Why that is technically essential: Not like earlier “bolstered pretraining” variants that depend on sparse binary correctness alerts or proxy filters, RLP’s dense, validator-free rewards add per-position credit score every time a thought improves a prediction, permitting updates at each token place in a typical web-scale corpus with out exterior validators or curated reply keys.
perceive the outcomes
Qwen3-1.7B-Base: Pre-training with RLP improved the general common for math and science by ~19% in comparison with the bottom mannequin and ~17% in comparison with computational matching steady pre-training (CPT). After the identical post-training (SFT + RLVR) for all variants, the RLP-initialized mannequin maintained a relative benefit of round 7-8% and gained essentially the most on inference-focused benchmarks (AIME25, MMLU-Professional).
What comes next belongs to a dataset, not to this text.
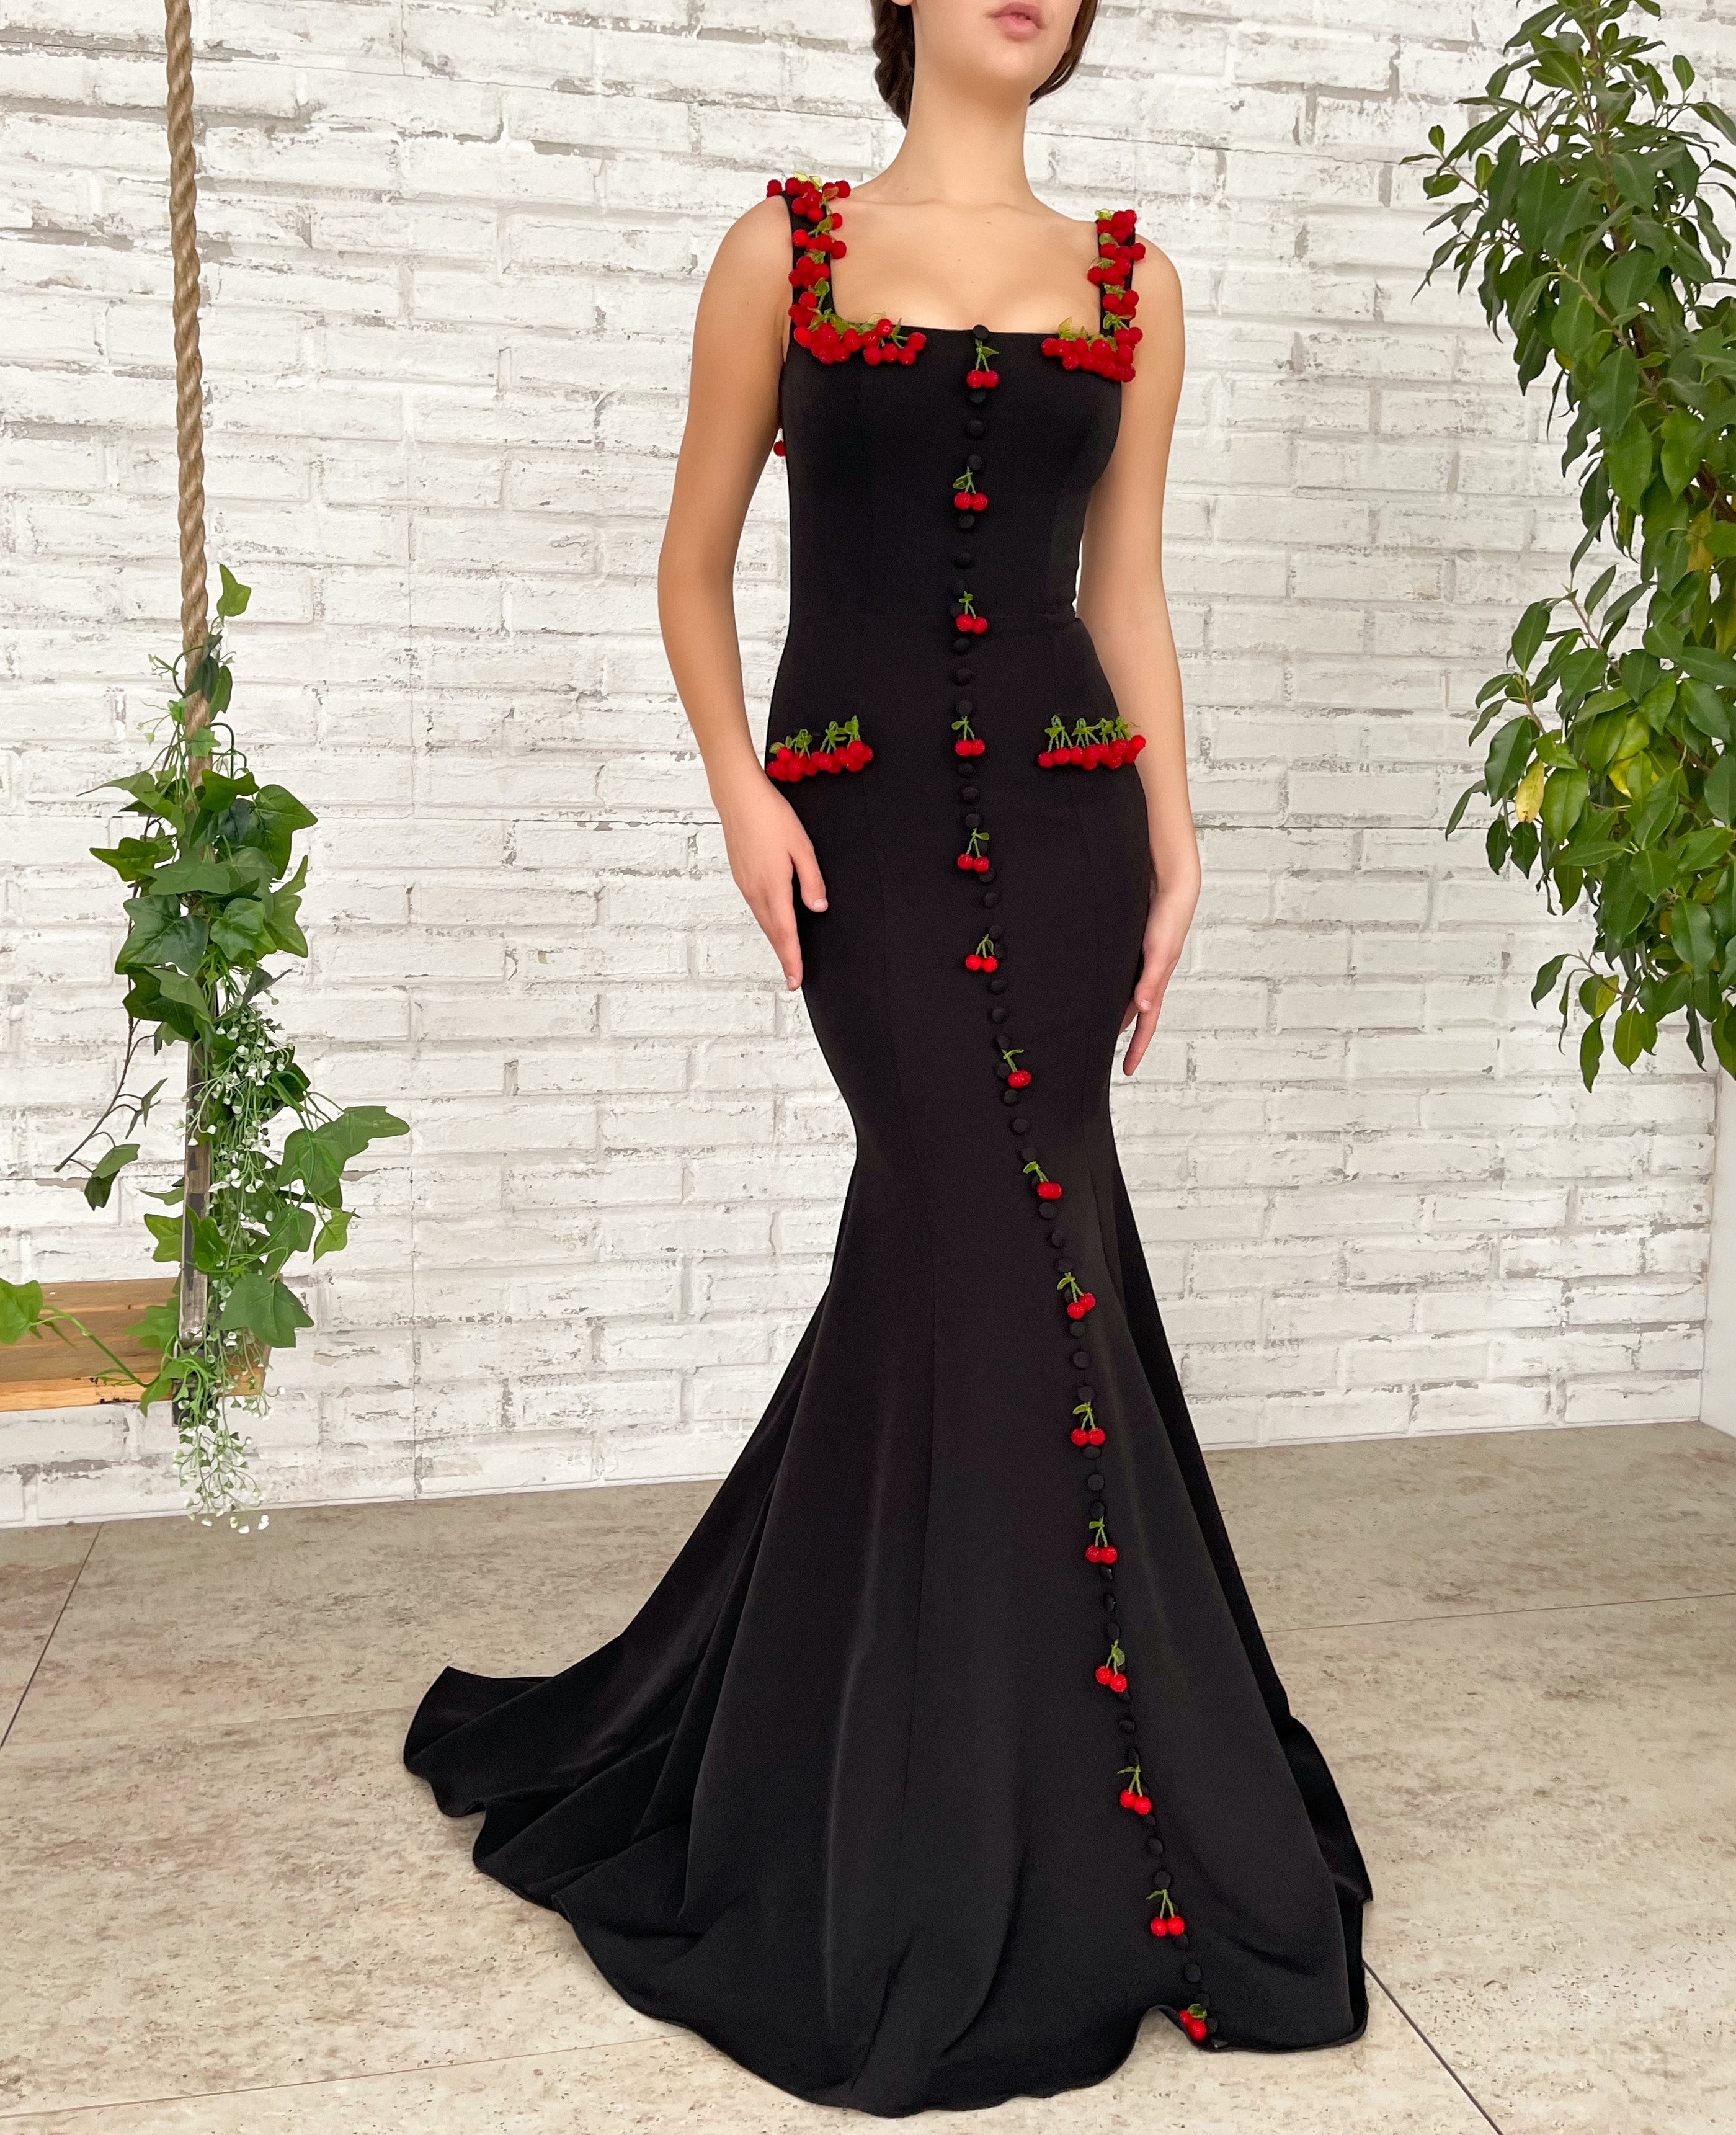 Black mermaid dress with straps and embroidered cherries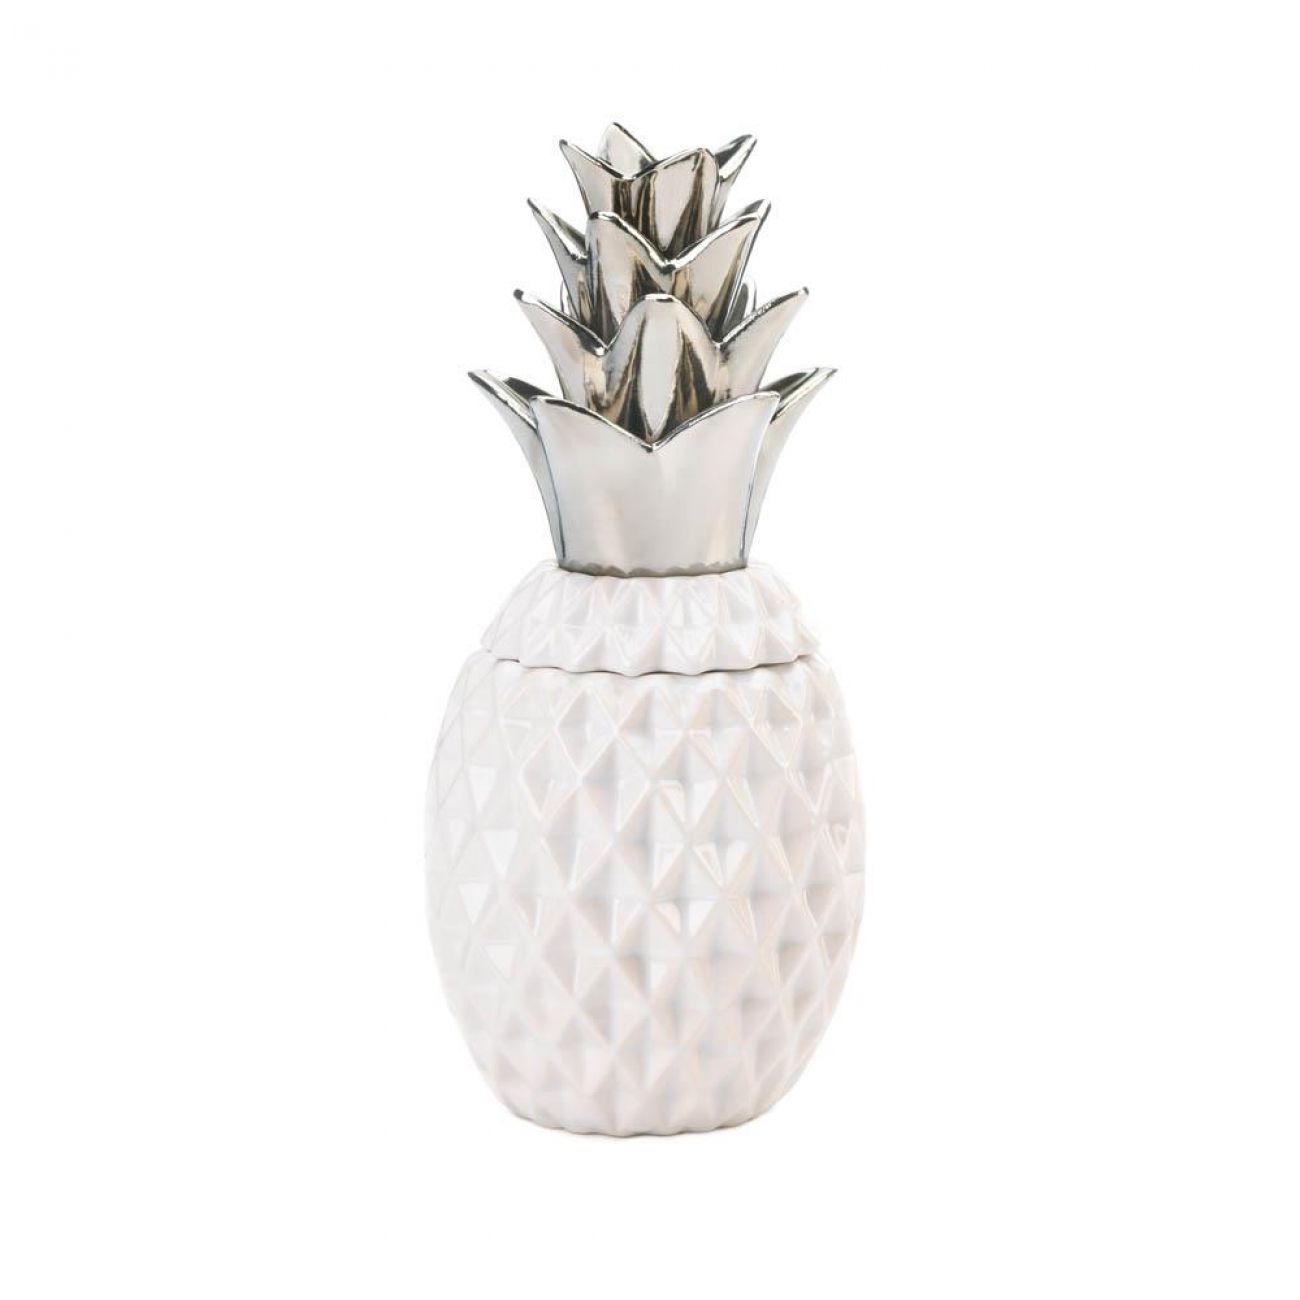 12 Silver Topped Pineapple Jar

Nemotron-Nano-12B v2: Making use of RLP to a 12B hybrid Mamba-Transformer checkpoint elevated the general common from 42.81% to 61.32%, yielding an absolute +23% enchancment in scientific inference (19.8T vs. 20T tokens coaching; RLP (relevant to 250M tokens). This emphasizes knowledge effectivity and architecture-independent habits.
RPT comparability: Beneath matched knowledge and calculations with Omni-MATH model settings, RLP outperformed RPT in math, science, and general common. That is because of the steady info acquisition reward of RLP and the sparse binary sign and entropy filtered tokens of RPT.

Comparability of positioning and post-training RL and knowledge curation
Reinforcement studying pre-training (RLP) is orthogonal to post-training pipelines (SFT, RLVR) and exhibits compound enhancements after customary changes. As a result of rewards are computed from the mannequin’s log proof reasonably than exterior validators, it may be prolonged to domain-independent corpora (internet crawls, educational paperwork, textbooks) and SFT-style inference corpora, avoiding the vulnerabilities of narrowly curated datasets. Within the compute-matched comparability (together with CPT with 35x extra tokens matched to FLOP), RLP nonetheless leads in general common, suggesting that the development comes from the meant design reasonably than the funds.
Essential factors
RLP makes inference a pre-training goal. It samples the thought chain earlier than predicting the subsequent token and rewards info achieve above the no-thinking EMA baseline. Dense per-position alerts with out verifiers: Works on common textual content streams with out exterior graders and permits scalable pre-training updates on each token. Qwen3-1.7B outcomes: +19% vs. base throughout pre-training, +17% vs. compute matched CPT. With an identical SFT+RLVR, RLP maintains as much as 7-8% achieve (most on AIME25, MMLU-Professional). Nemotron-Nano-12B v2: Total common elevated by 42.81% → 61.32% (+18.51 pp, about 35-43% relative) and +23 factors in scientific reasoning attributable to utilizing about 200B fewer NTP tokens. Essential coaching particulars: Replace solely gradients for clipped surrogates and thought tokens with group-relative benefit. Extra rollouts (≈16) and longer pondering intervals (≈2048) would assist. There isn’t any profit to token-level KL anchoring.
conclusion
RLP restructures pre-training to instantly reward “assume earlier than predicting” habits utilizing verifier-free info acquisition alerts, producing sturdy inference positive aspects that persist via the identical SFT+RLVR and scale throughout architectures (Qwen3-1.7B, Nemotron-Nano-12B v2). The aim of this methodology, particularly to distinction CoT conditional chance with a no-sink EMA baseline, integrates cleanly into large-scale pipelines with out handpicked validators, making it a sensible improve to pre-training for the subsequent token reasonably than a post-training add-on.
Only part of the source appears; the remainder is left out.